6.1. Diffusion 설정 및 Plan Query 재구성

목적:
- 기존 refine 단계에서 얻은 plan 쿼리(예: plan_mode_query에서 파생된 plan_query)를 기반으로, diffusion scheduler를 사용하여 계획 궤적을 추가 정제
과정:
- plan_query (shape: [B, 1, 18, 256])를 squeeze하여 [B, 18, 256]로 만든 후, 재구성하여 [B, 3, ego_fut_mode, 256] (예: [1, 3, 6, 256])로 변환합니다.
- 메타 정보(metas['gt_ego_fut_cmd'])를 통해 명령(cmd)을 선택하여, 선택된 plan query인 cmd_plan_nav_query의 shape는 [B, ego_fut_mode, 256] (예: [1,6,256]).

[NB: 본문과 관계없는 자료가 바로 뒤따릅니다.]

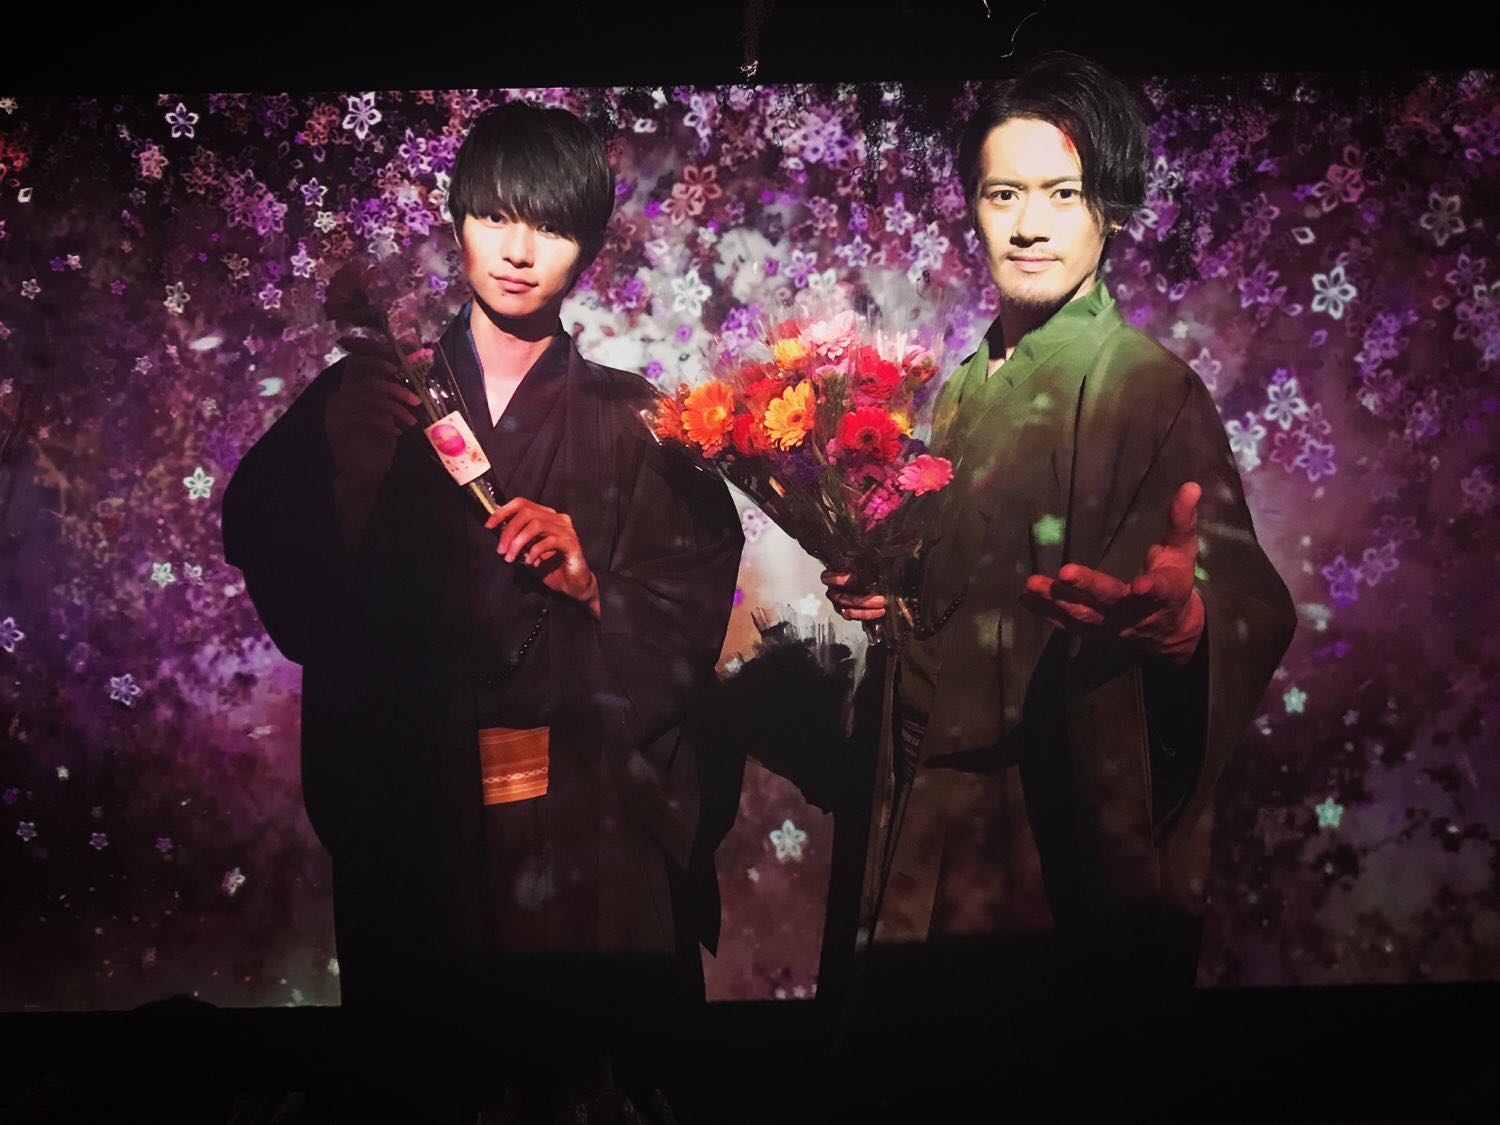 SOLIDEMO × FLOWERS BY NAKED 花贈りイベント NAKED FLOWERS 2021 −桜− 世界遺産・二条城

6.2. Plan Anchor Processing

목적:
- plan_anchor에서 명령에 해당하는 부분을 선택하고, 연속된 앵커들 간의 차이를 계산하여 목표(ground truth) 계획 궤적의 변화량(tgt_cmd_plan_anchor)을 구합니다.
입출력 스펙:
- plan_anchor → 원래 shape [B, cmd_mode, modal_mode, ego_fut_ts, 2]
- 선택 후 → cmd_plan_anchor: [B, ego_fut_mode, 6, 2]
- 차분 연산 후 → tgt_cmd_plan_anchor: [B, ego_fut_mode, 6-1, 2] (예: [1,6,5,2])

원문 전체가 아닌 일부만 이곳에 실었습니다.